The following headline gave me food for thought “Employees may have no more to give as engagement makes modest gains in the US workforce”
Now I don’t know much about the workforce in the USA, but my guess is that they are about as engaged as those in the UK, and that is not very engaged. No doubt when surveyed they make all the right noises, lets face it is easier to go with the flow. After all if they say they are disengaged there will be another of those initiatives which get on everyone’s nerves, so they give management what they want to hear and that keeps them quiet for a bit!
So why do I think that there is little engagement on either side of the pond? Well for one thing if there was real engagement there would be massively improved performance across both the public and private sector, whether that was measured by customer service, profitability or some other appropriate measure.
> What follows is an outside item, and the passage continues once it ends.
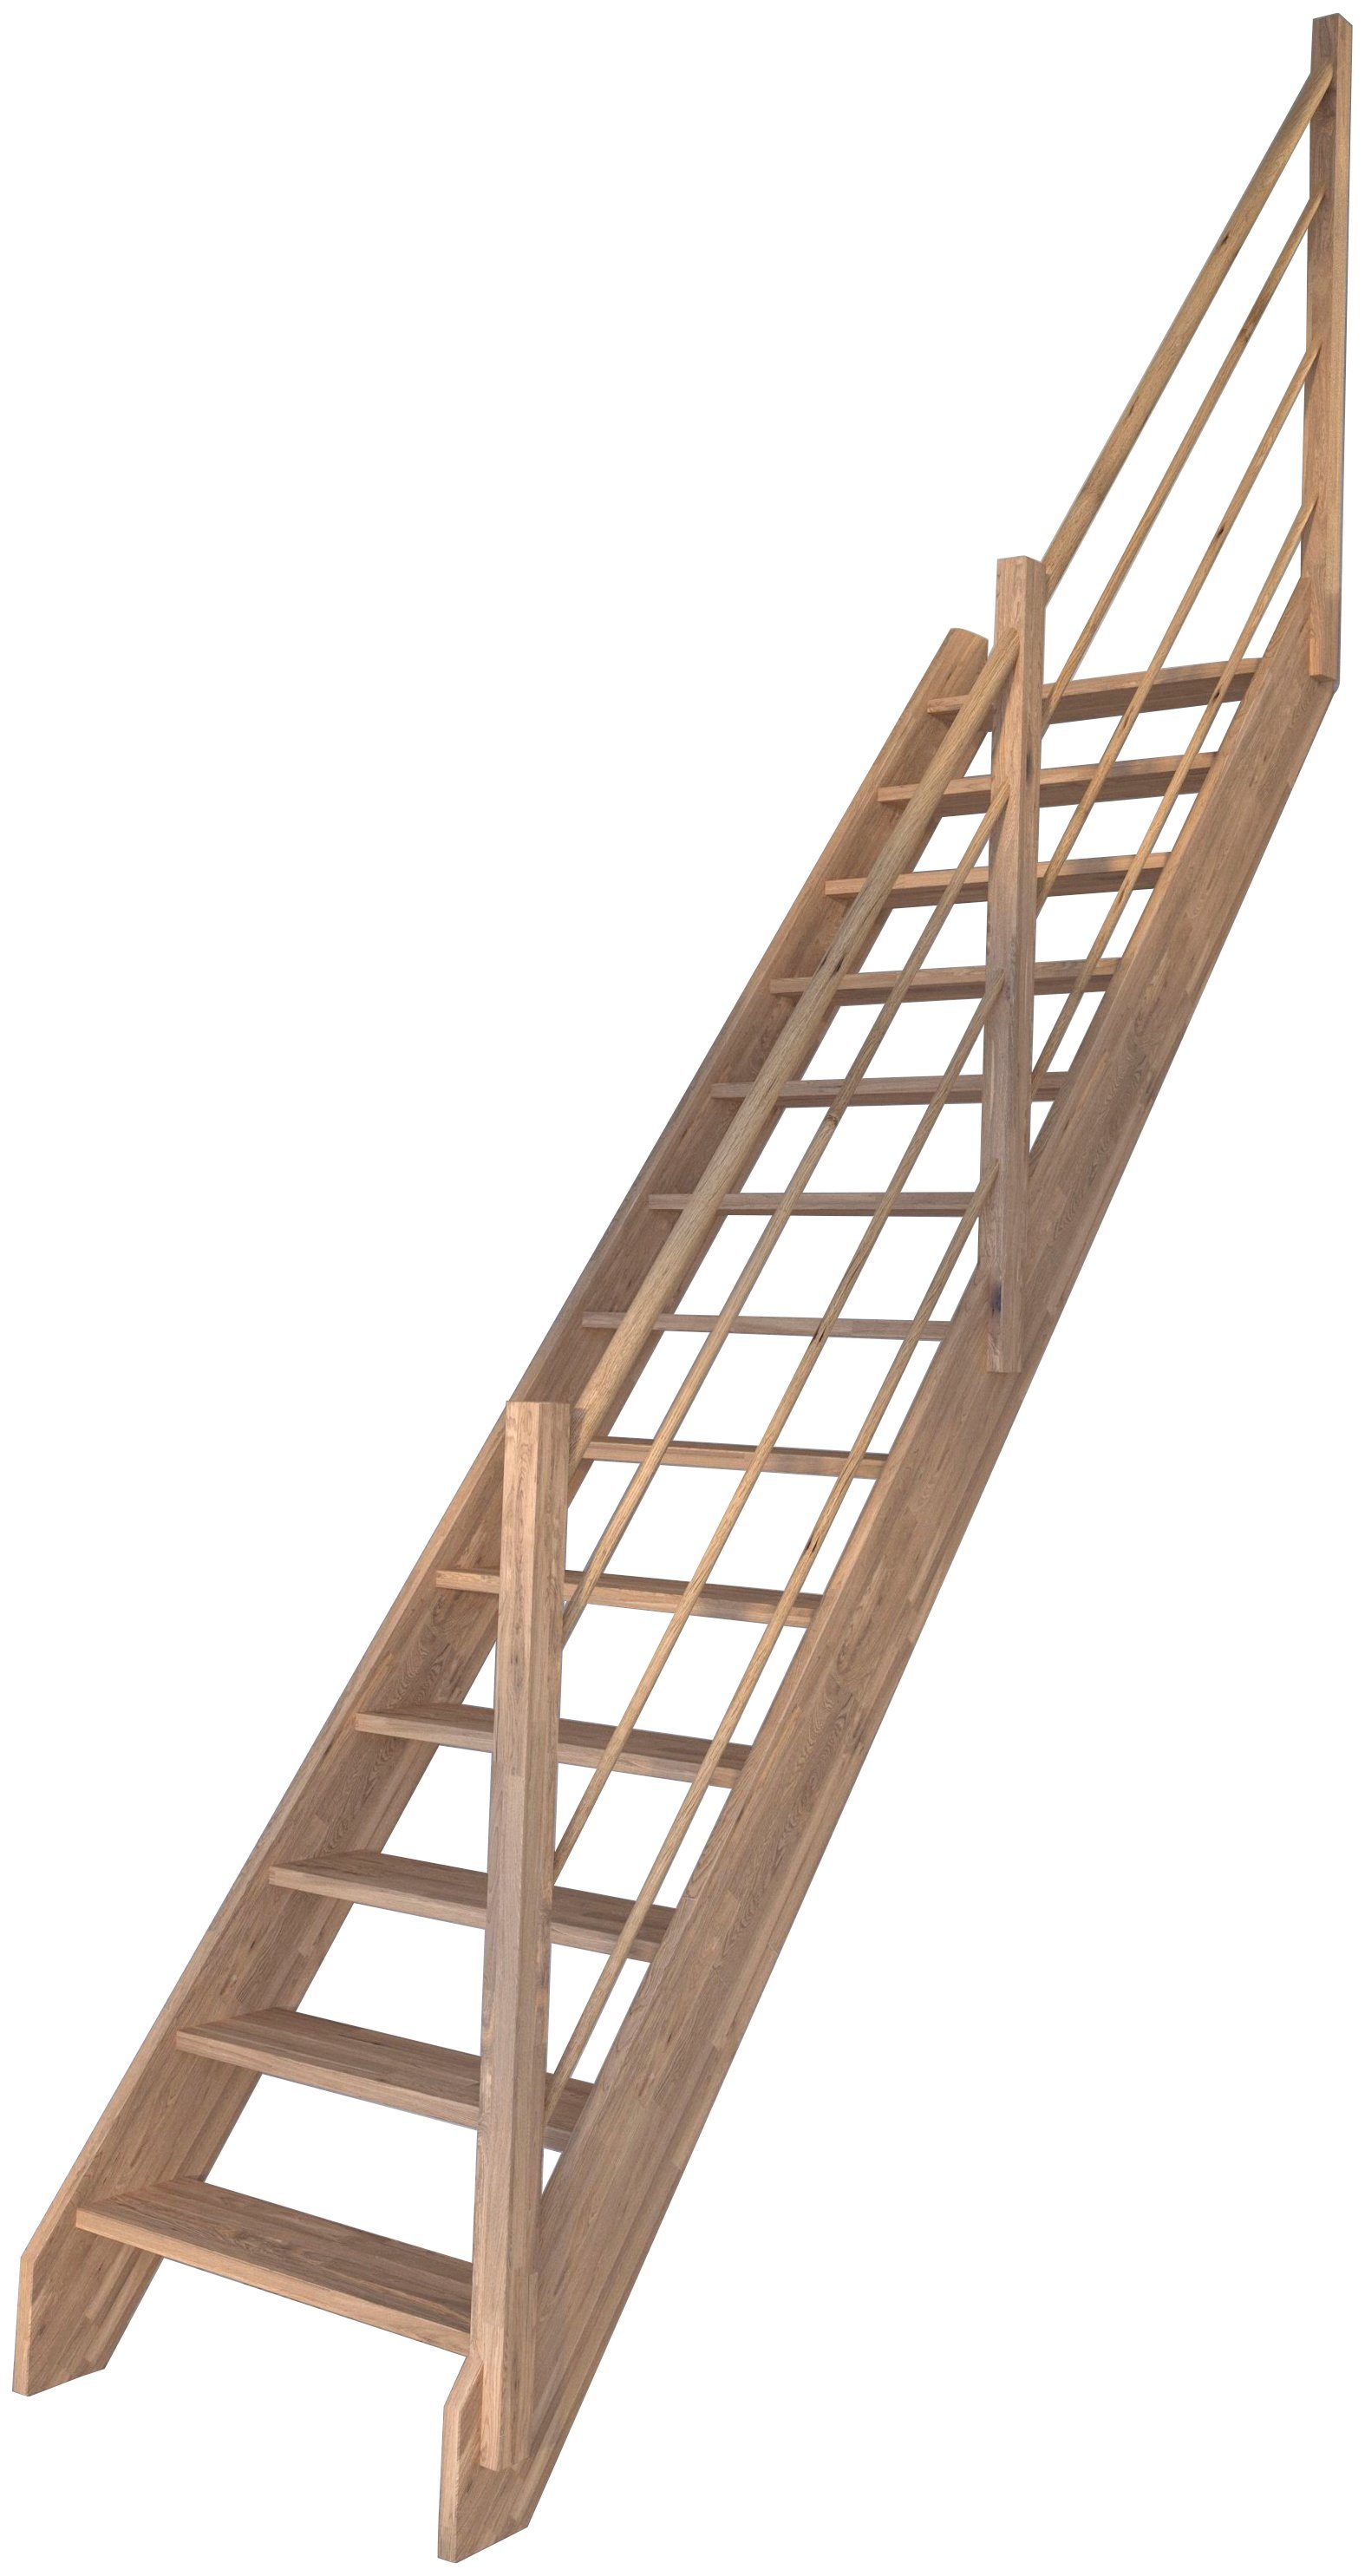 Starwood Raumspartreppe Massivholz Rhodos, Holz-Holz Design Geländer Rechts, für Geschosshöhen bis 300 cm, Stufen offen, Durchgehende Wangenteile

As an example of the gap in just one possible measure I was told about is that the number of ideas generated per employee in Japan was an order of magnitude higher than in the USA (I can’t remember the actual figure it might have been x20 or x100, the precise figure doesn’t actually matter since either demonstrates that on this measure engagement is far from real).
However back to that headline. What came to mind when I saw it was utter disbelief that anyone could believe that the workforce were so engaged that they had reached saturation point in terms of discretionary effort. Whereas I would contend that the workforce are so sick of programmes, initiated from above to engage them and clearly designed only to extract additional effort, that they have dug their heels in and said “no more”.
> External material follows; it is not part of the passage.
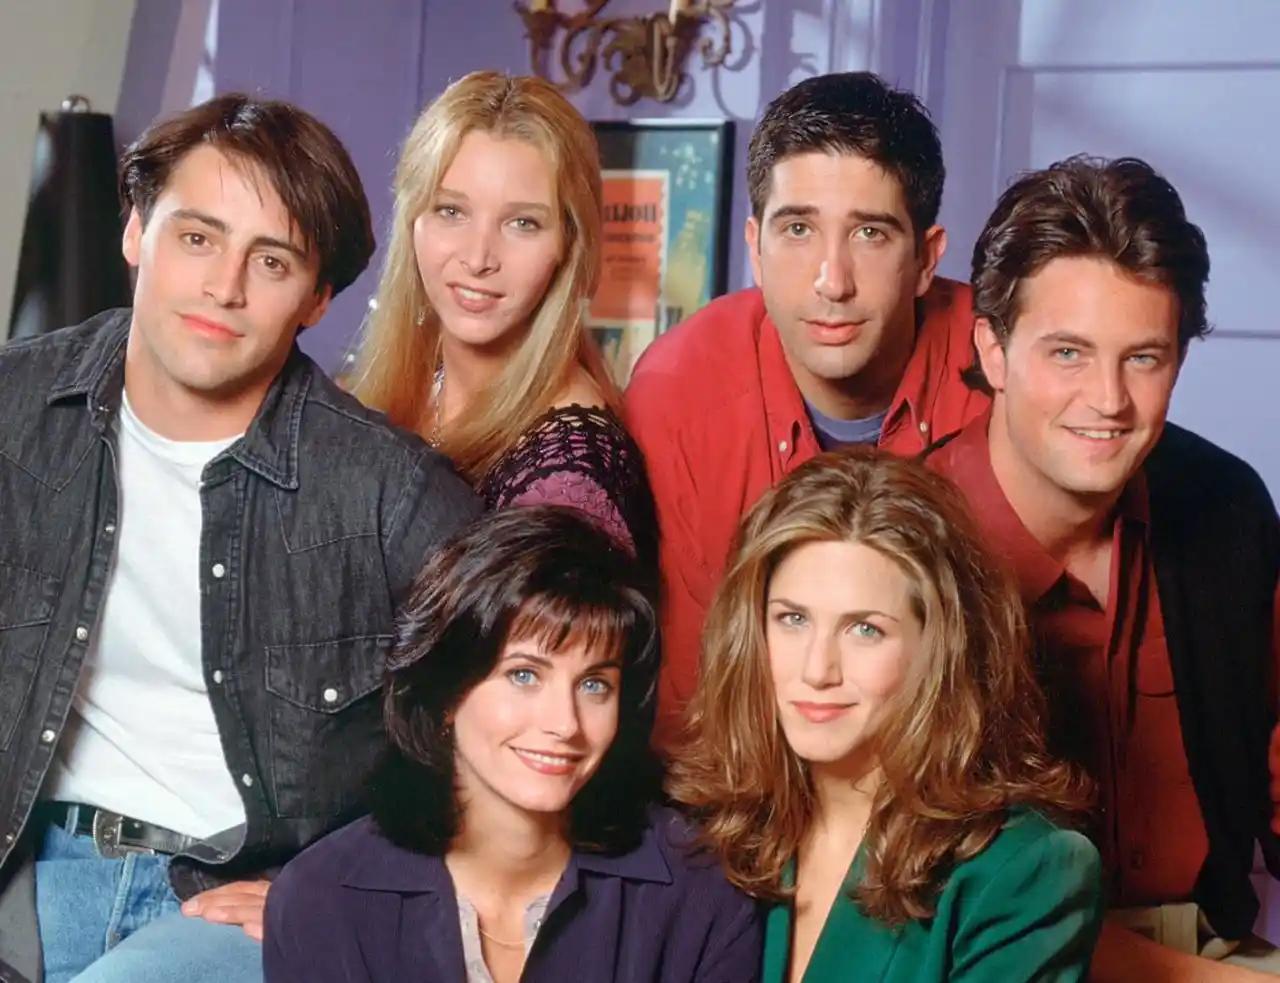 Subastan guiones de episodios de ‘Friends’ por más de 473,000 pesos

While management continue to believe that they can use engagement tools to drive productivity and cost savings they are doomed to fail because they are generating the resistance which will make the process fail. Unless they come to realise that the process must come from the bottom up, so that the workforce come to own the process, they will never get the results they are seeking. If they can be persuaded to create an environment and processes that allow a sceptical workforce to come to engagement in their own time and speed, then engagement will develop, and this will deliver the performance improvements they are looking for. In fact these improvements would be beyond their wildest dreams and because the workforce own the process they will fight tooth and nail to make sure it works and keeps working.
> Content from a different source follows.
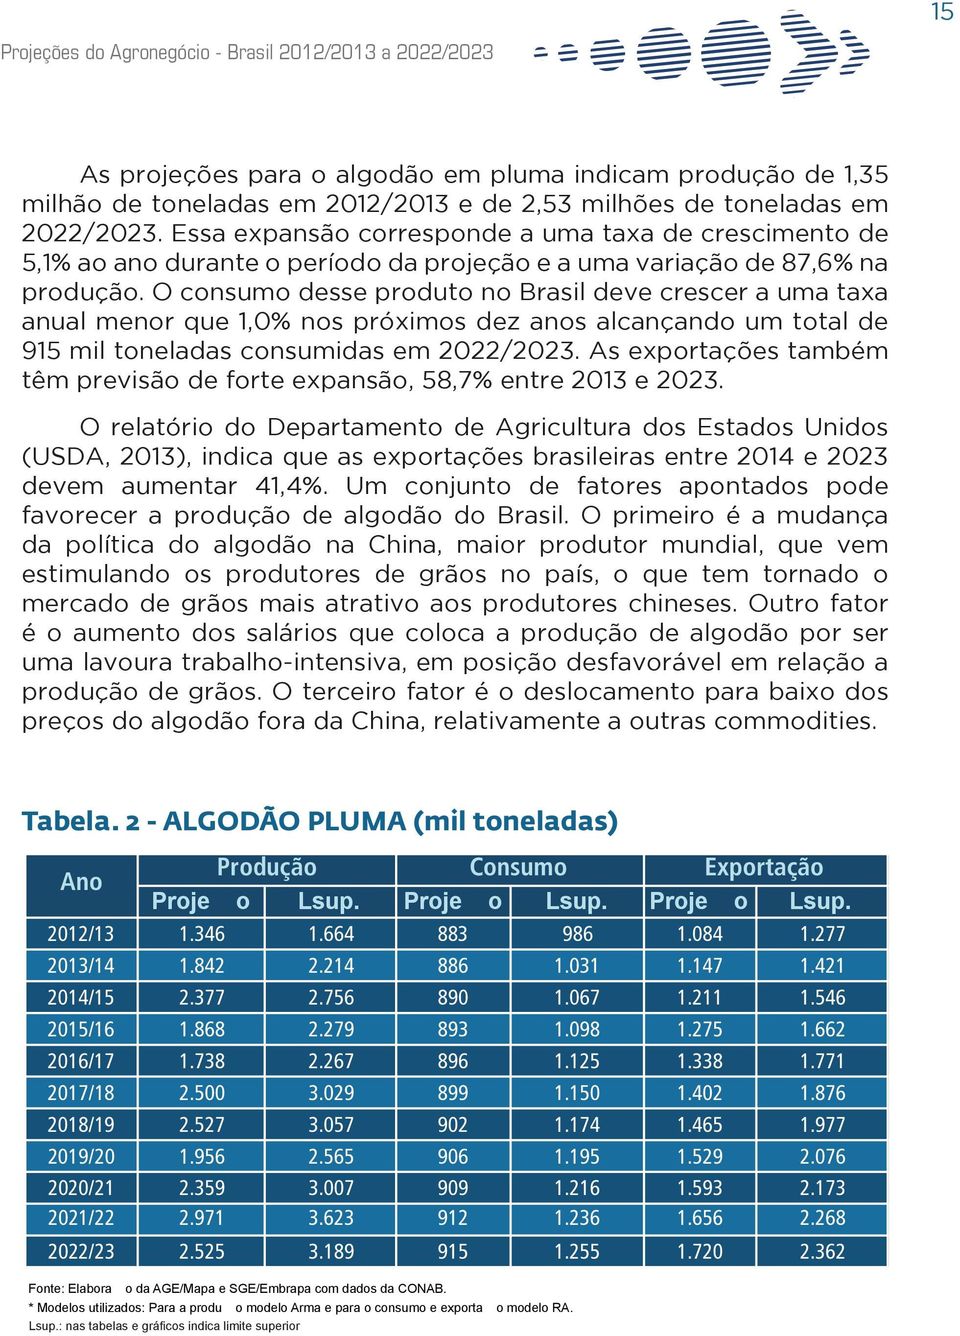 O consumo desse produto no Brasil deve crescer a uma taxa anual menor que 1,0% nos próximos dez anos alcançando um total de 915 mil toneladas consumidas em 2022/2023.

Once management take this approach, then employee engagement can become a reality, but until then it will remain a myth, a magical thing that people know exists somewhere in some Shangri La out of the reach, and people will continue to have nothing more to give.
N.B. If you are based in the USA and Canada and are interested in a process to turn the myth into reality, my colleague Peter Hunter is presenting a webinar entitled “Sustainable performance improvement through workforce engagement” see http://tinyurl.com/2wbn8nu for details.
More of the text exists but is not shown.